Nov 25, 2018

Soulfull Ragi Bites Choco Fills Review

I wasn't planning to write a separate post on Soulfull ragi choco fills as I had earlier touched upon its ingredients in my post on Kelloggs Chocos. However, having seen how it is being promoted by mommy instagrammers, I decided that this product needs to be reviewed separately.

It is all so cute and fun to see heart-warming pictures of mommy and kids in a lake side picnic. But carrying a picnic basket with small packs of Soulfull ragi choco fills is the heights of fake promotion (If you don't understand the context, check out these pics)

It is being promoted aggressively as a "healthy" breakfast cereal and a "healthy" anytime snack for young kids. 

The brand and its digital aLLakkais (insta supporters) are pushing the product using the key ingredient "ragi". Yes, the ingredients list shows ragi as the first ingredient with 50%. What about the second ingredient - Sugar? Why isn't any of these mommies talking about the high sugar content (25%)?

A 30gm serving contains 7.5 gm of sugar (close to 2 tsp). So if a child eats 2 servings a day (one for breakfast and one for snack), then he/she would have consumed 4 tsp of sugar (close to hitting the 5 tsp sugar allowance limit per day).

Though the overall fats percentage is relatively low (10%), let's look at the fat sources - edible palm oil and hydrogenated vegetable fat. Both are unhealthy and causes inflammation in the long run.

As with any packaged foods, there are additives added to increase shelf life - stabilizer (INS 170), emulsifier (INS 322) and antioxidant (INS 320), each having its own set of side effects in the long run.

100 gm of ragi wholegrain contains 11 gm of dietary fibre, whereas ragi chocofills (100 gm) contains ONLY 6.1 gm of dietary fibre. This is due to the fact that the processing involved in making those fills strips off the fibre. 
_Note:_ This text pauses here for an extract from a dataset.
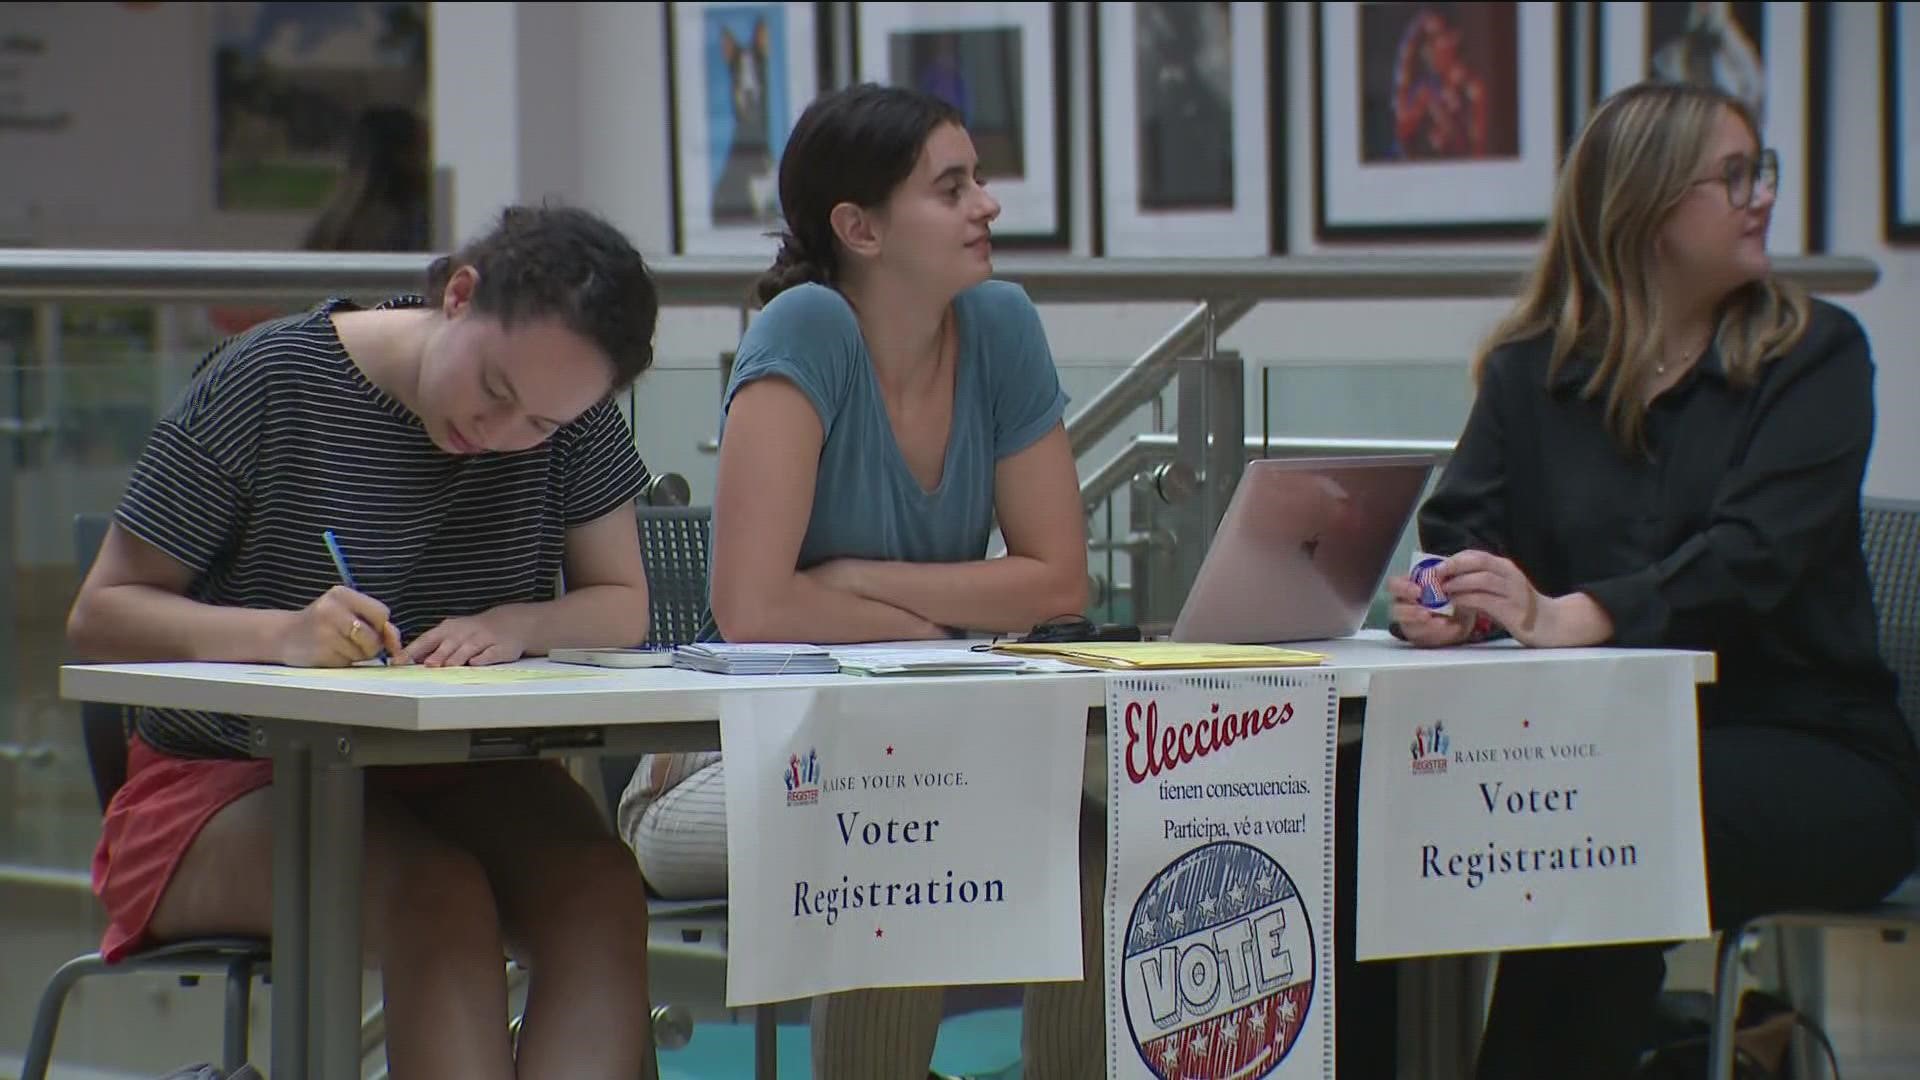 Just 24 hours before the deadline to register to vote in Texas, registration tables dotted college campuses, waiting for more potential voters.

If you want to include ragi in your daily diet, make
- ragi idlis, dosas and adais with wholegrain
- ragi porridge made with ragi flour / sprouted ragi flour
- ragi rotis made with ragi flour
- add ragi flour to your regular wholewheat atta to make chapathis
- bake cake/muffins at home with ragi flour
- make ragi laddoos for anytime snack
- make ragi halwa, ragi murukku for festive treats

Let’s not rely on these packaged brands to give us the "goodness of ragi".